The fleet sailed to Norfolk Island via Bass Strait; (Note: The fleet also had the objective to improve the charting of Bass Strait.) Norfolk Island was the next rendezvous point after Saint Paul Island, for members that had separated.

True Briton arrived at Whampoa on 12 January 1805. Homeward bound, she crossed the Second Bar on 15 February, reached St Helena on 30 June, and arrived at The Downs on 8 September.

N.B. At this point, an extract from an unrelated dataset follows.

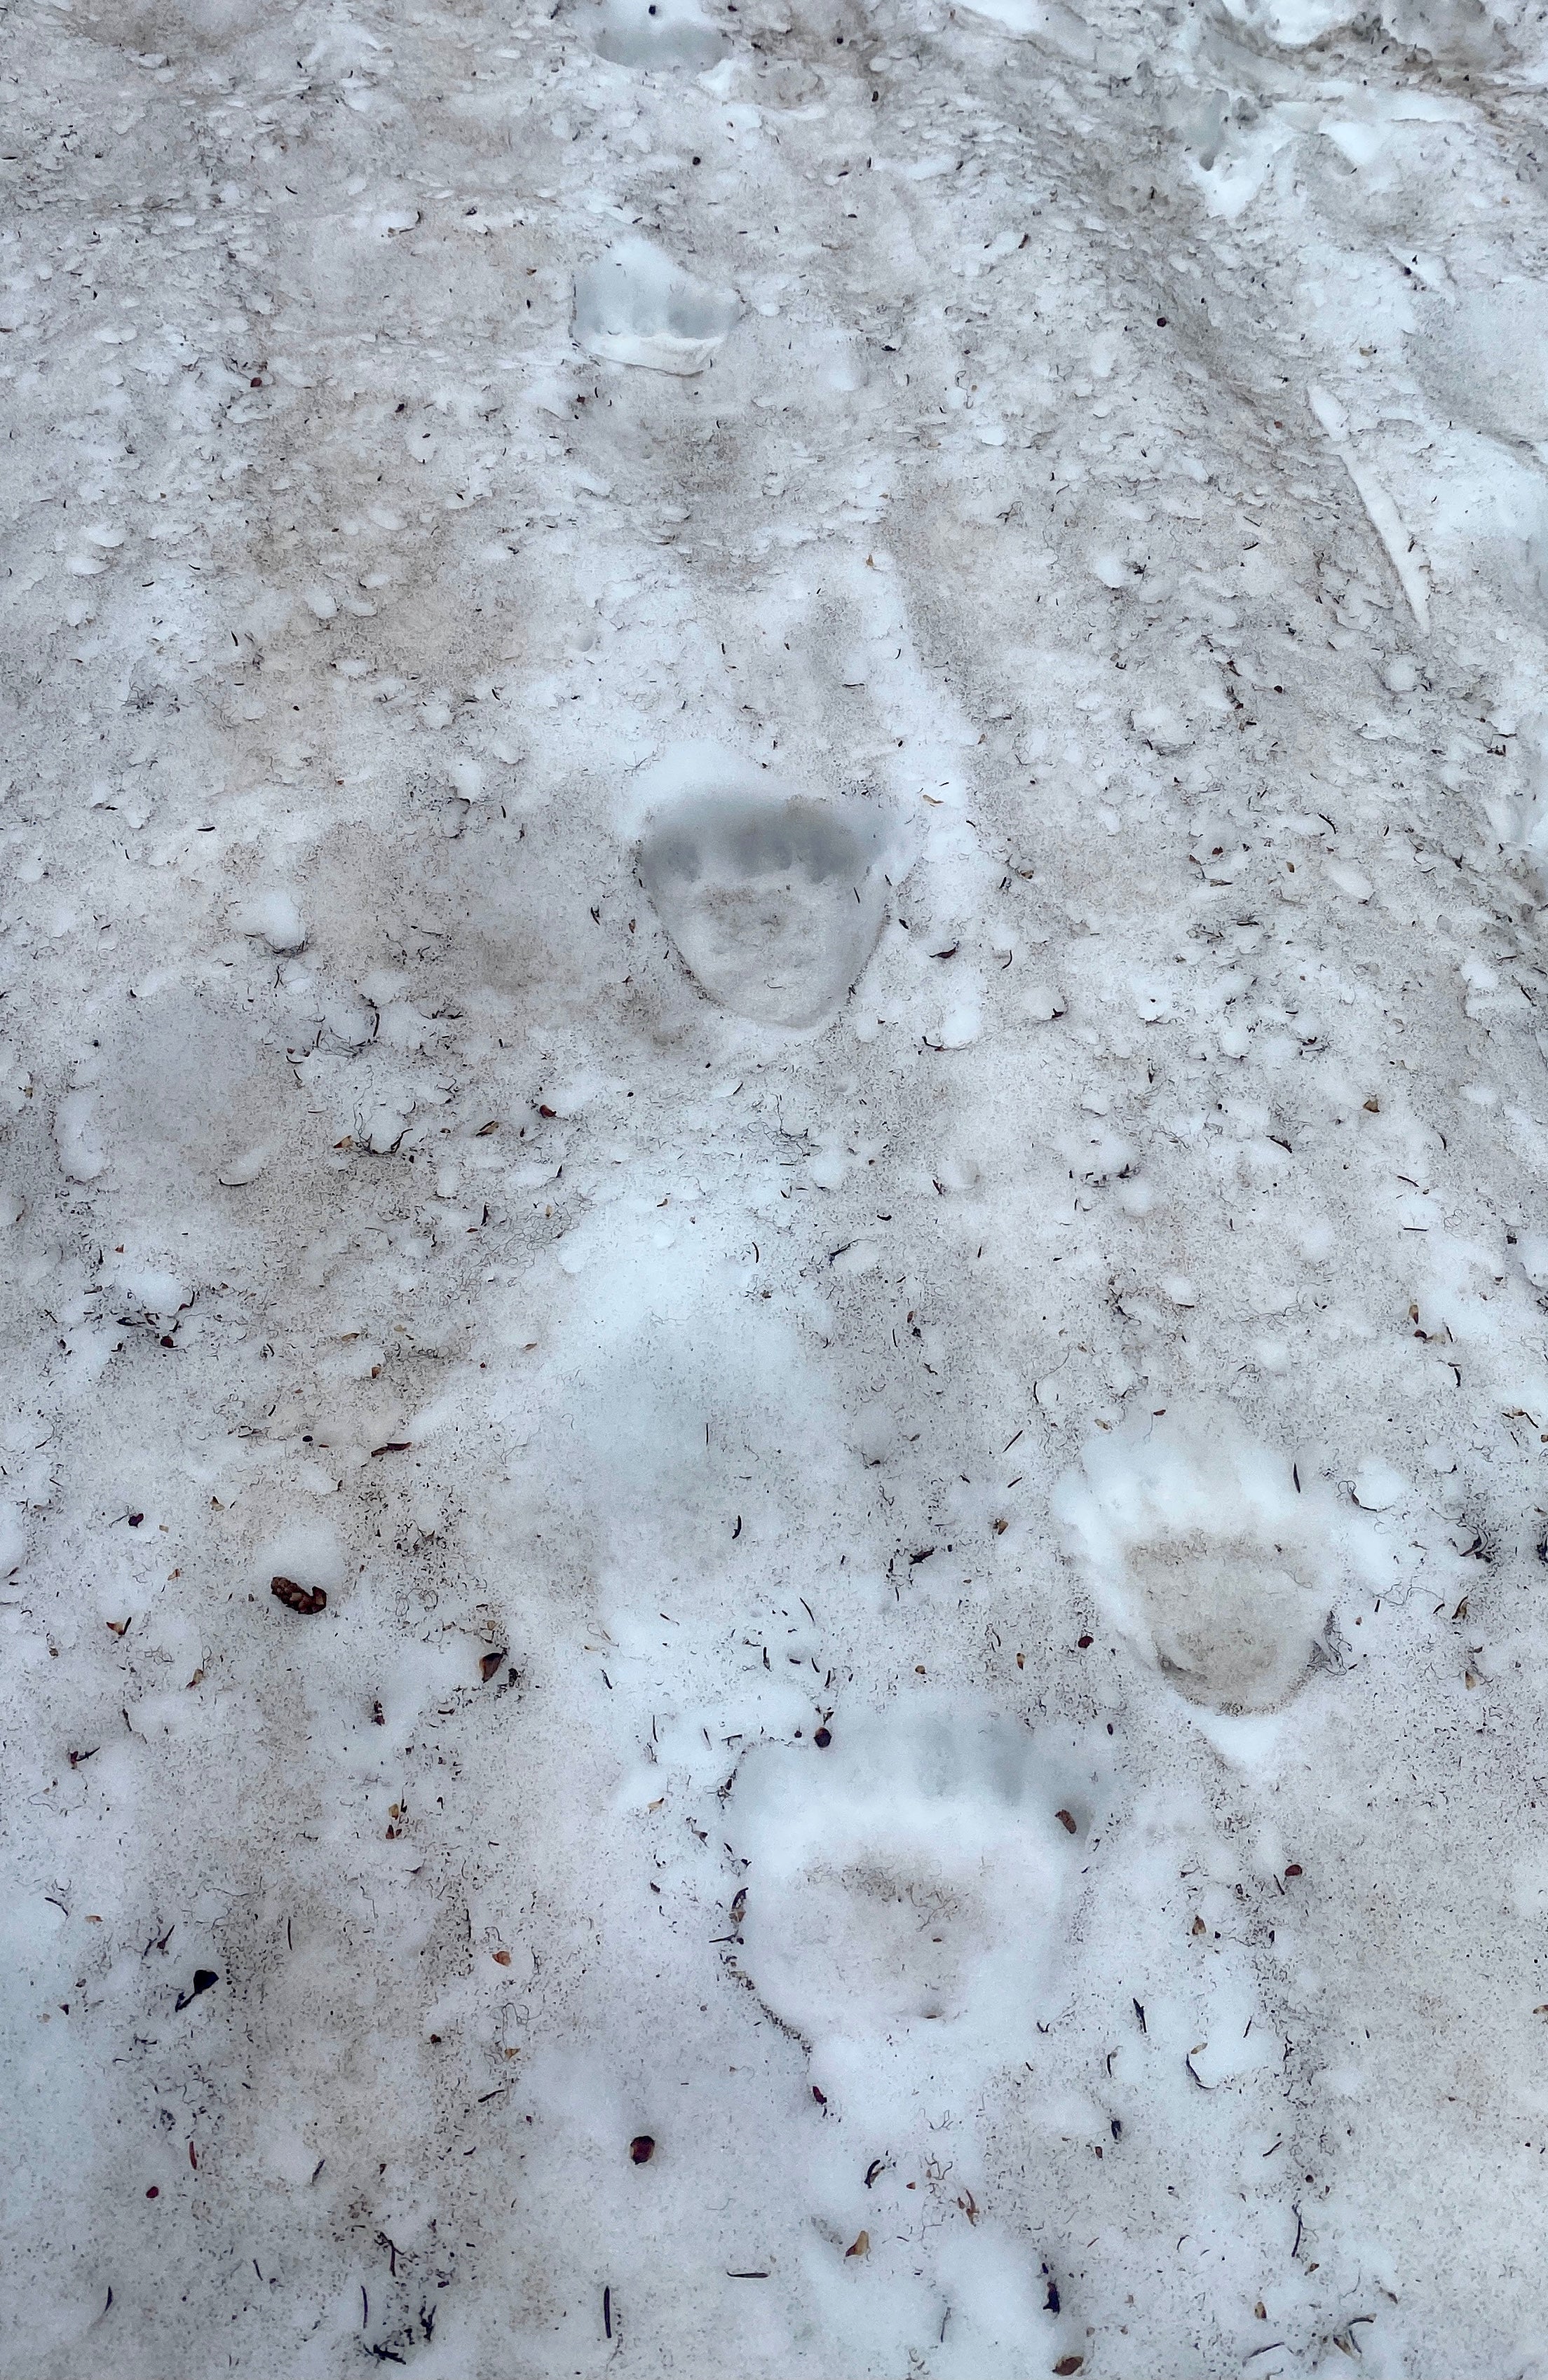 image shows a dirty snowbank with huge bear footprints stamped into the snow

===EIC voyage #7 (1807–1808)===
Captain William Stanley Clarke acquired a letter of marque on 25 November 1806. He sailed from Portsmouth on 26 February 1807, bound for Bombay and China. He sailed from Portsmouth on 26 February 1807. True Briton returned to her moorings on 1 July 1808.

==Fate==
Captain George Bonham acquired a letter of marque on 22 December 1808. He sailed from Portsmouth on 24 February 1809, bound for Bombay and China. True Briton parted company from the vessels she was in company with on 19 October 1809; (Note: The EIC put the date of loss as 29 September 1809.) she was never seen again. Lloyd's List reported on 31 July 1810 that she had not arrived at China by 5 March.

The EIC valued the cargo that it had lost at £22,000.